WORK TASK => Every line of the listing below should come back exactly as written, with no images.

RAW DATA =>
╭──
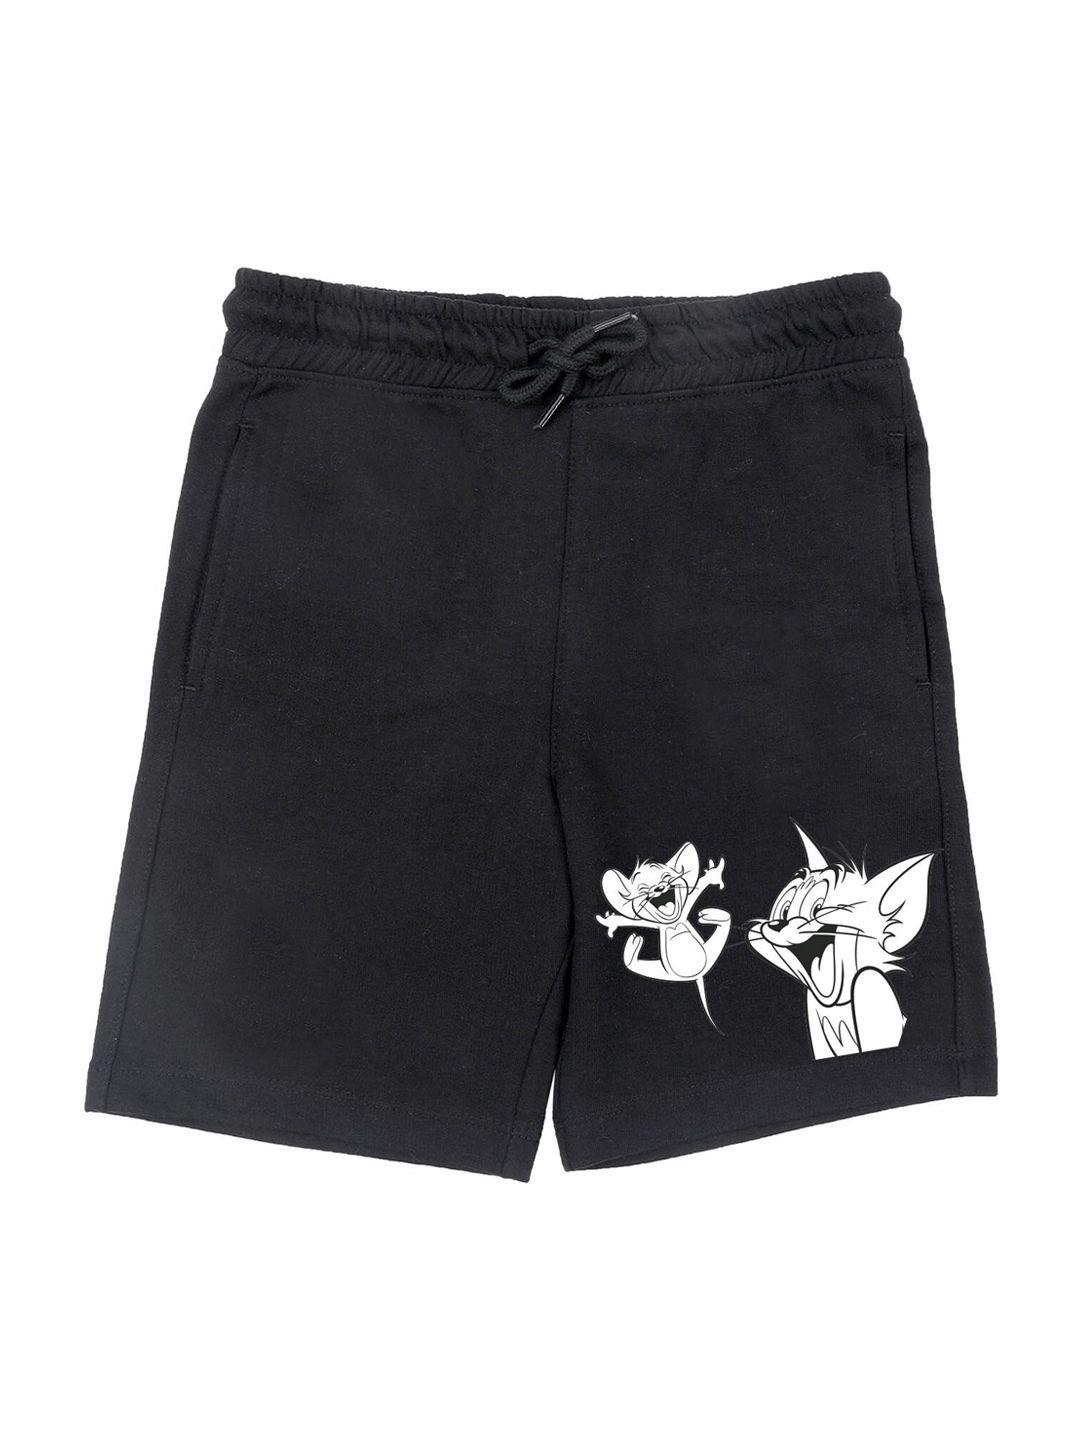 tom & jerry by wear your mind boys black & white tom & jerry printed shorts
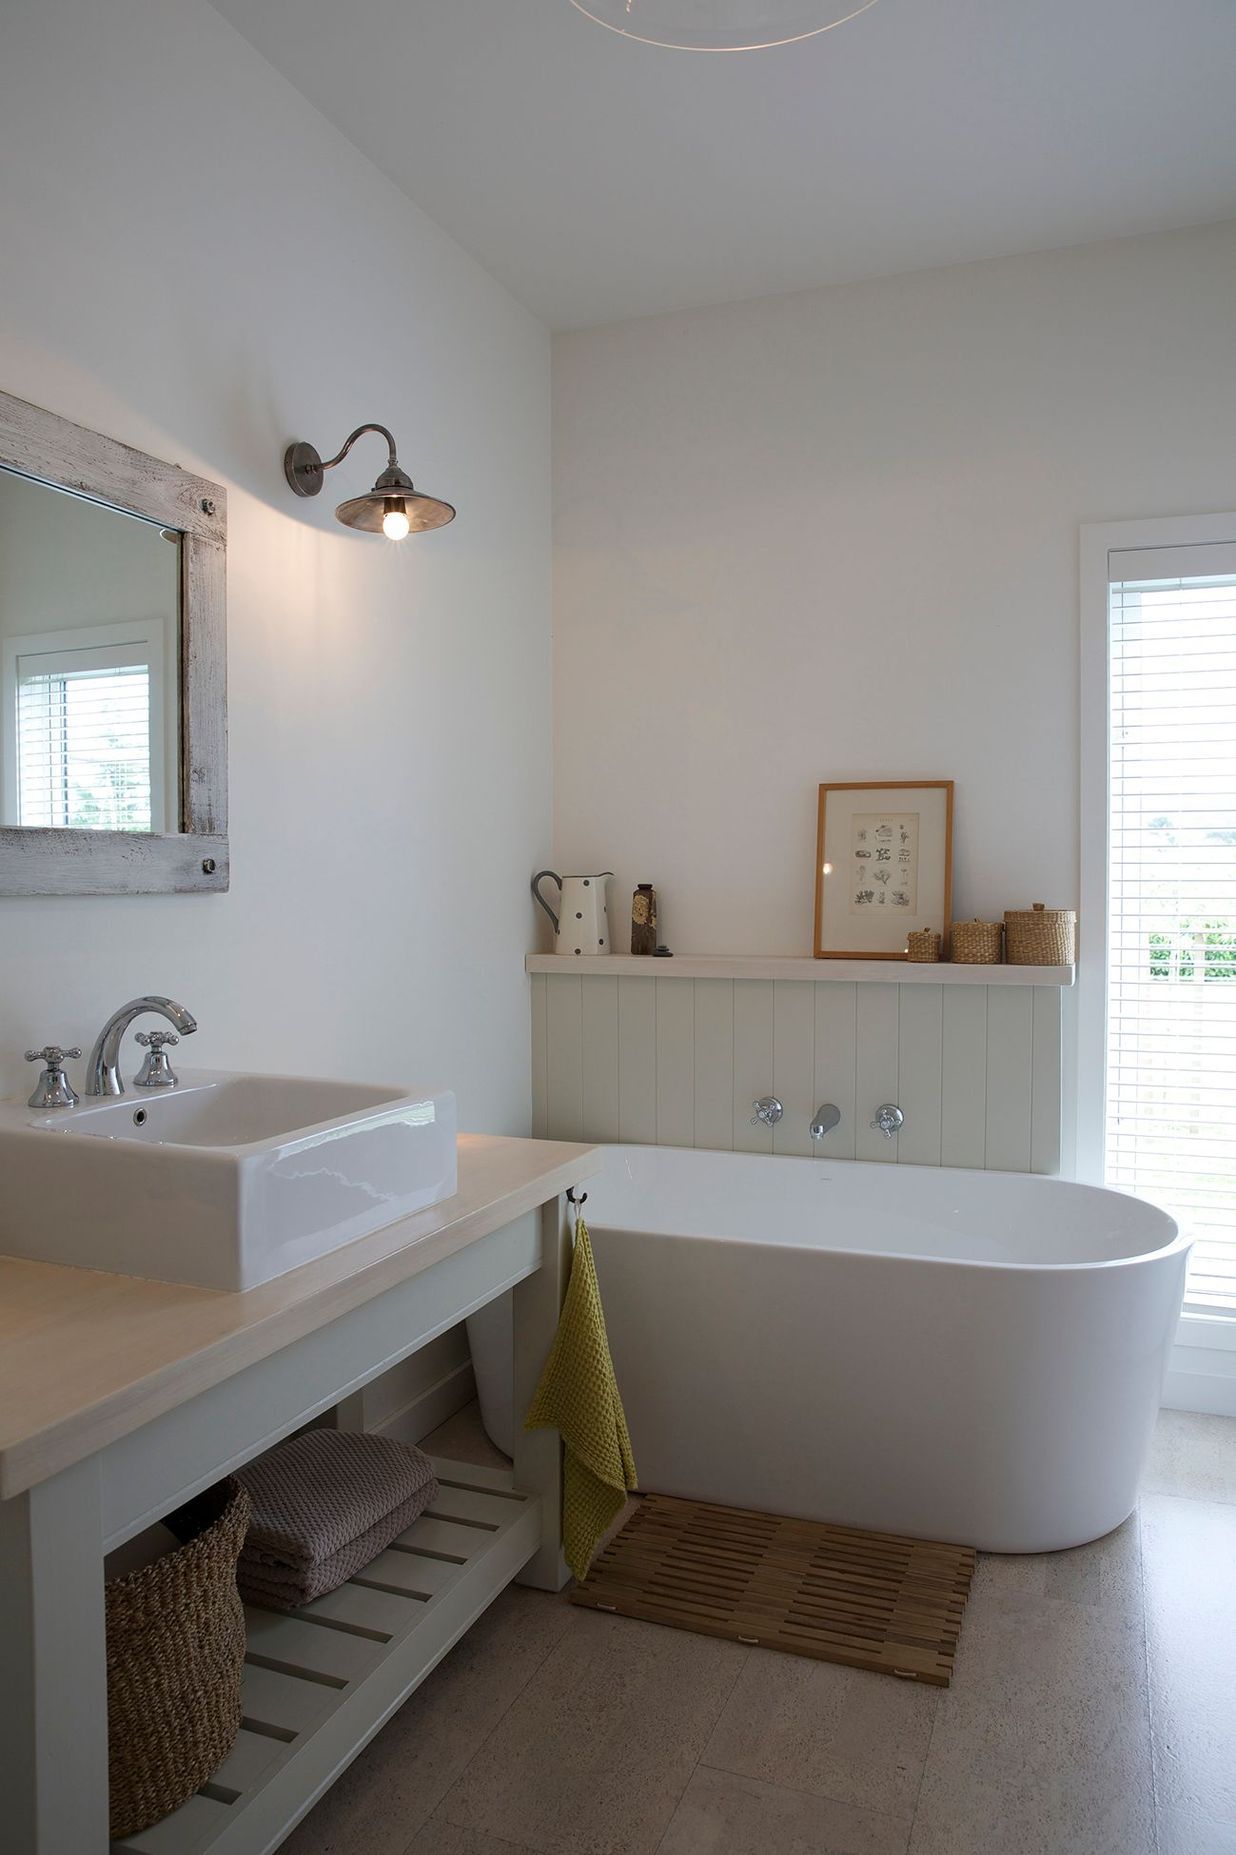 Cork flooring flows through into the bathroom, providing a great water resistant surface.
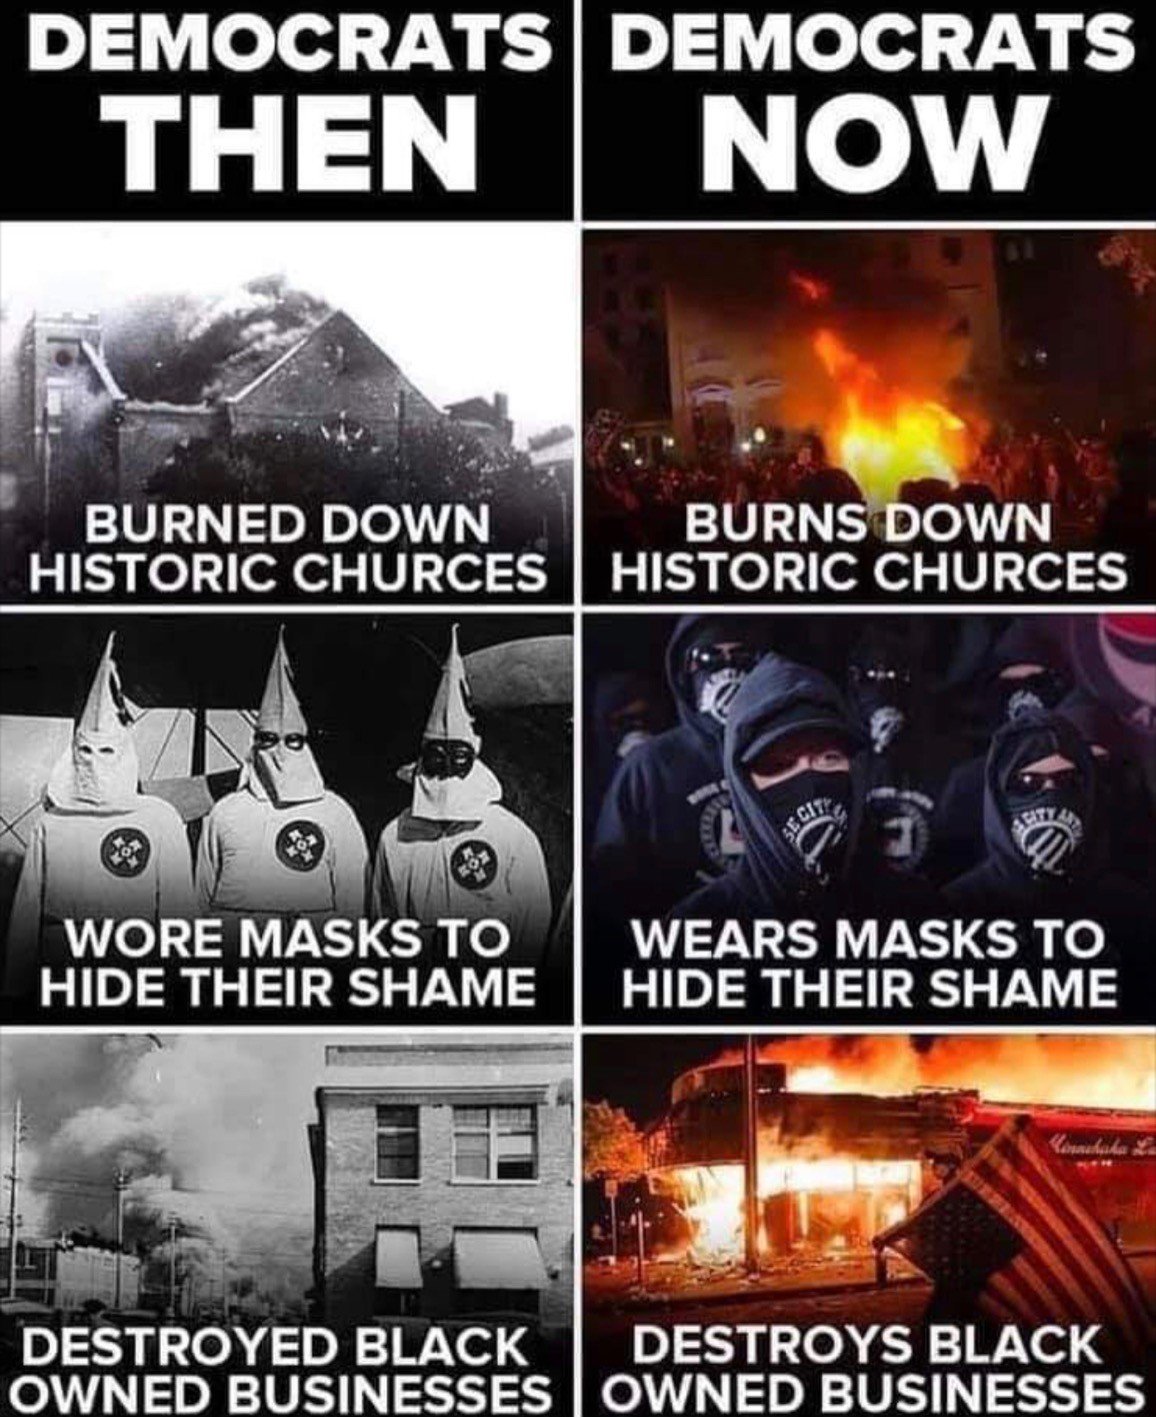 Democrats then and now
╰──
THE ANSWER =>
 tom & jerry by wear your mind boys black & white tom & jerry printed shorts
 Cork flooring flows through into the bathroom, providing a great water resistant surface.
 Democrats then and now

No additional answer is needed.